A friend's post about the simple pleasures leads me to ponder that subject on this rainy night three thousand miles from home.
MacDowell is all about stripping away distractions so you can work on your art. Toward that end, the staff works its collective butt off housing you, cooking for you, and just generally trying to take as many tasks off your hands as possible so you can focus.
And that's great. How often do you get a lunch basket delivered to you in the middle of the day, dropped off as quietly as possible so that you won't get distracted? (Not that I didn't run out to greet Blake most of the time, overjoyed as I was to have company.)
Here's the thing, though: the many simple things in daily life are lost when you leave home. Bantering and bickering with Adam, watching dorky YouTube videos with my feet in his lap (yes, I know, you can commence to gagging now), going to the gym (don't even talk to me about eating rich food and not working it off -- at least I've been hiking my ass around Boston), hell, even doing dishes and laundry and feeding Oliver. Oliver -- another one of life's pleasures, a kitty who loves you and shows it by leaning his head against your knee or puking on your floor. But I digress.

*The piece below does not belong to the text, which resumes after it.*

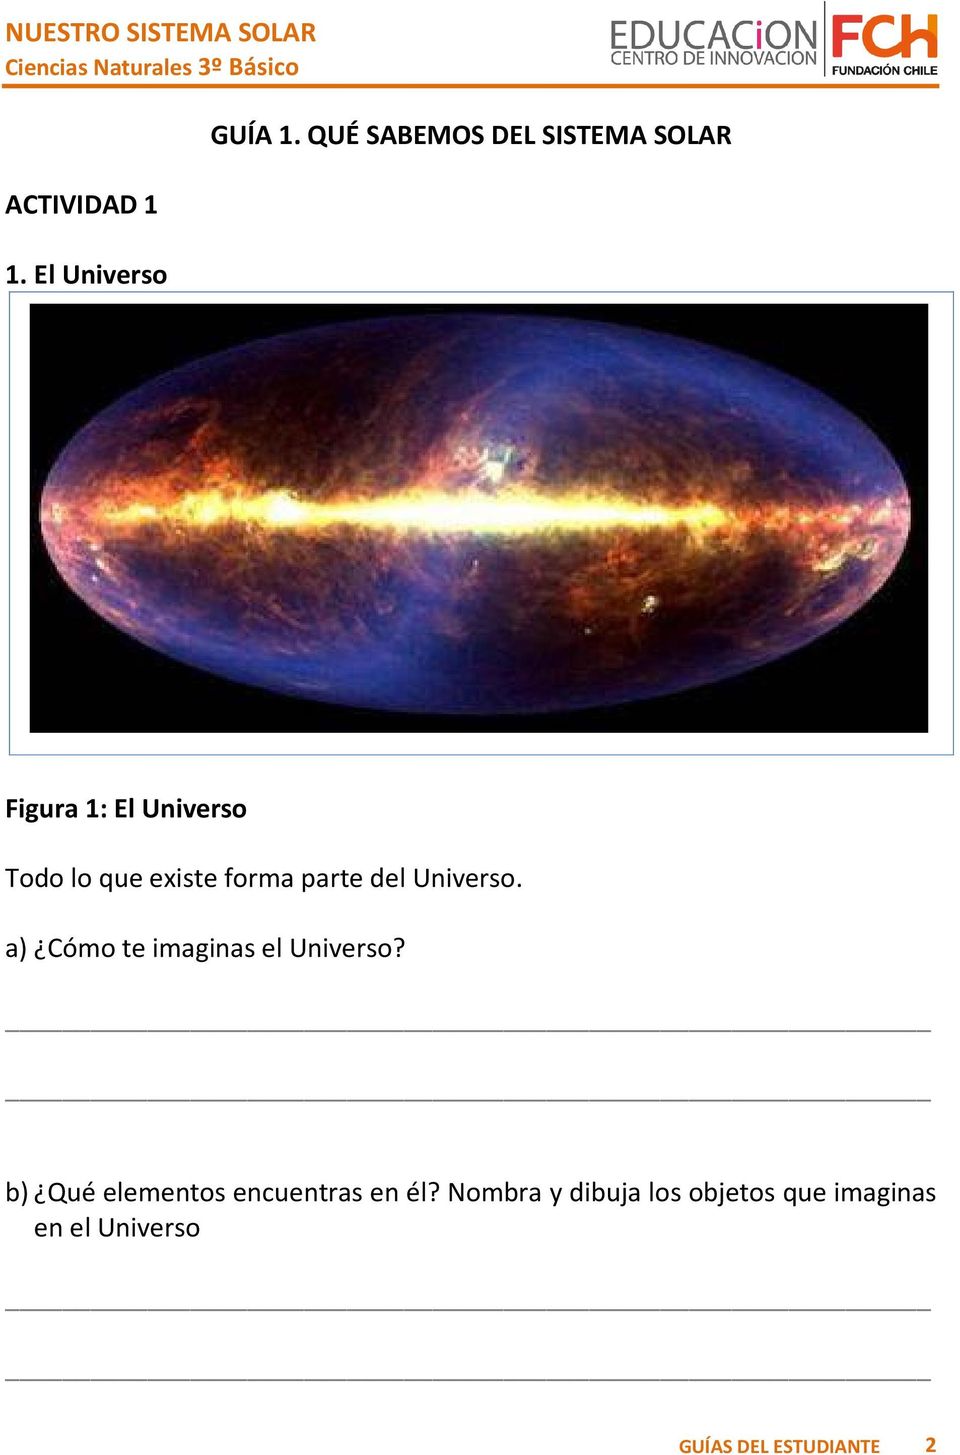 existe forma parte del Universo. a) Cómo te imaginas el Universo?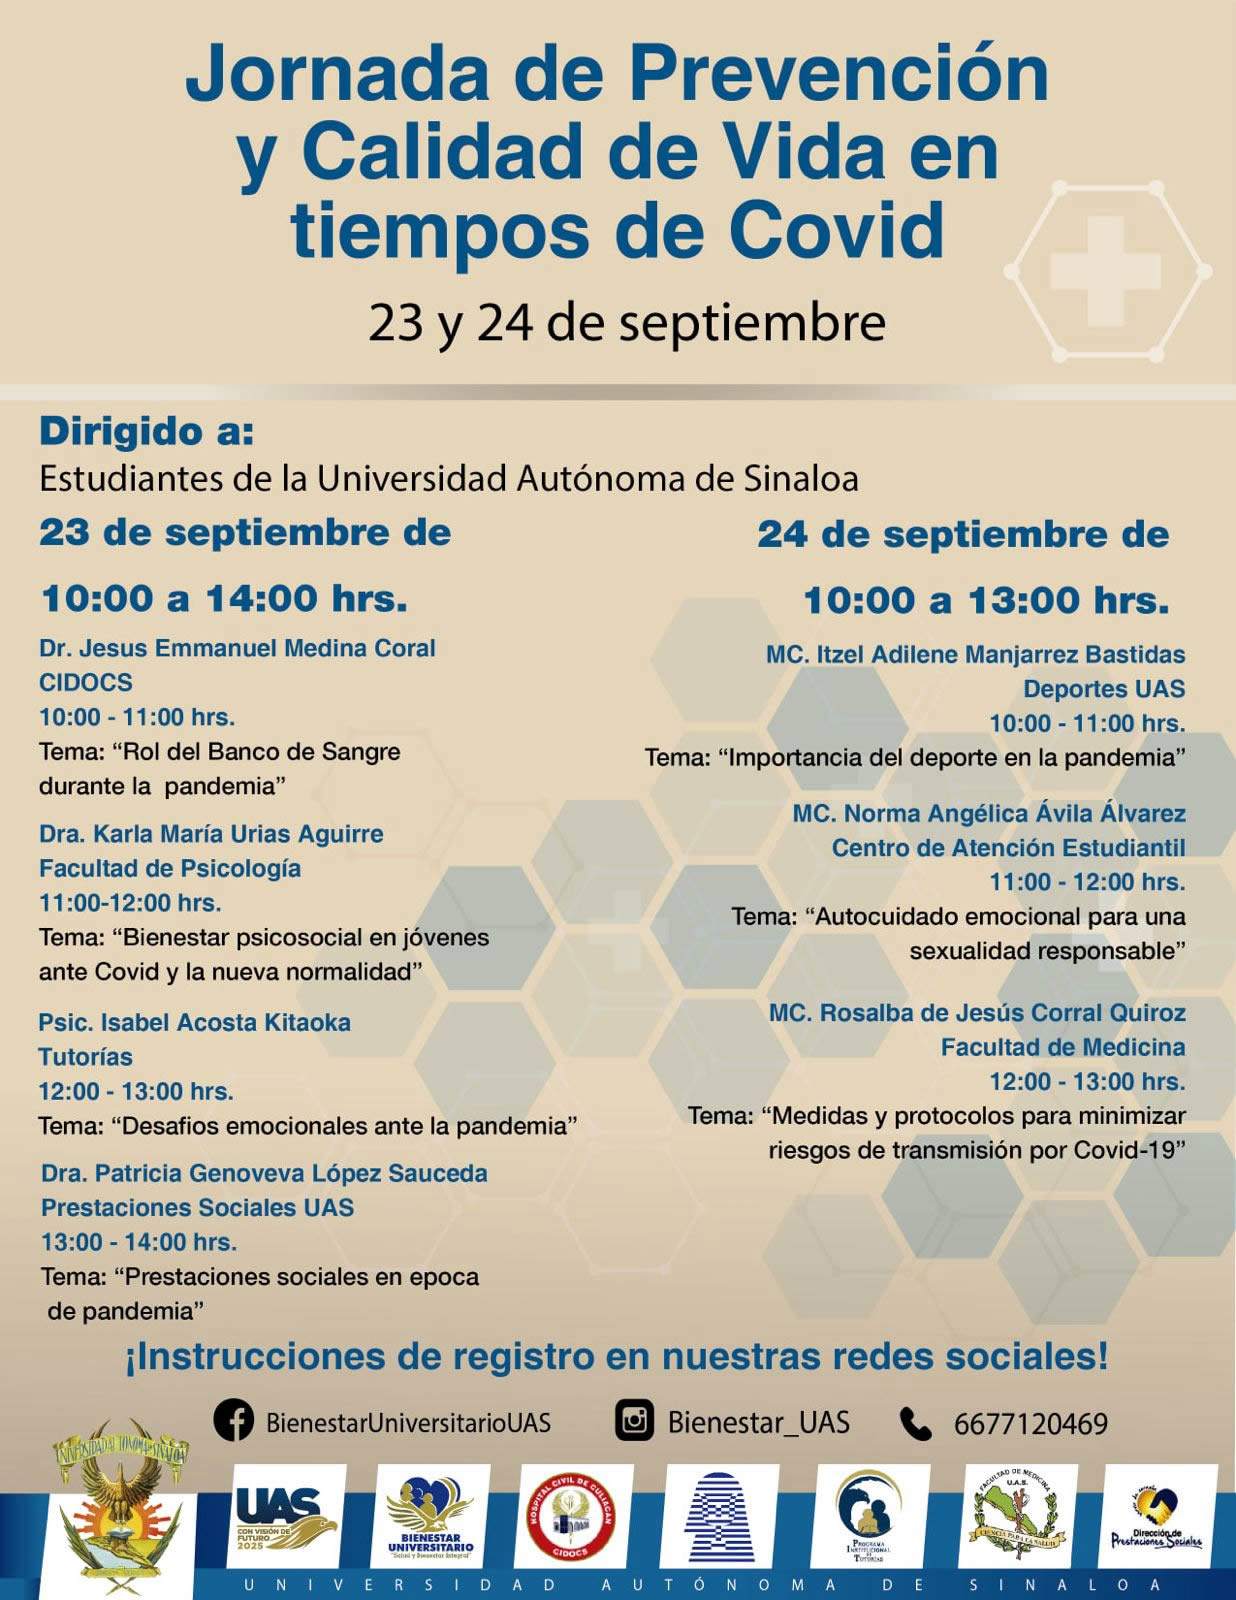 Jornada de prevención y calidad de vida en tiempos de Covid, 23 y 24 de septiembre de 2021

In a sense, MacDowell is beautiful deprivation, and I mean that in the most positive way possible. You're up on a hill above a small town in New Hampshire. Your meals are cooked, your linens washed (though you're on your own when it comes to laundry, and I enjoyed this small task because the laundry room was Mr. T the kitty's domain), and your solitude undisturbed. Cell-phone service is poor throughout the property, though Verizon customers did better than AT&T (I, of course, have the latter), and if you want wifi, you've got to go to the library or get a PC card for your laptop.
Therein lies the matter of simple pleasures: They are many, and they are varied. My simple pleasures at MacDowell included singing at the top of my lungs in my studio -- no one around to distract, and the acoustics were wonderful. I liked to take walks, pacing the meadow area in front of my studio, that part that led to what felt like the darkest heart of the woods. I didn't dare go there; I just peeked inside and shuddered. Sometimes I talked to the woods: What's up, woods? Glad we had this talk. Sometimes they'd answer with a shrill blast of wind, and I'd shudder once more.
I watched a swatch of leaves change color more quickly than I'd have expected this early in the season, framed by a small pane of glass in the huge window overlooking my desk. I made tea, listening for the snack! that meant the electric kettle had shut off. I drank it contemplatively, sitting on the porch in the rocking chair I'd relocated from the inside, propping my feet up, rocking a little too quickly if my mood was askew.
At night I lit scented candles and incense, sat in my bedroom wondering who had been there before and then gave up because I knew the list was too long. I got up early for breakfast and ate bacon. Lots.
But I missed city pleasures, missed petting strangers' dogs, walking from neighborhood to neighborhood, people-watching. I missed the connection and the kinetic feeling of a city. Most of all, I missed my family and friends. I can't wait to see them when I return.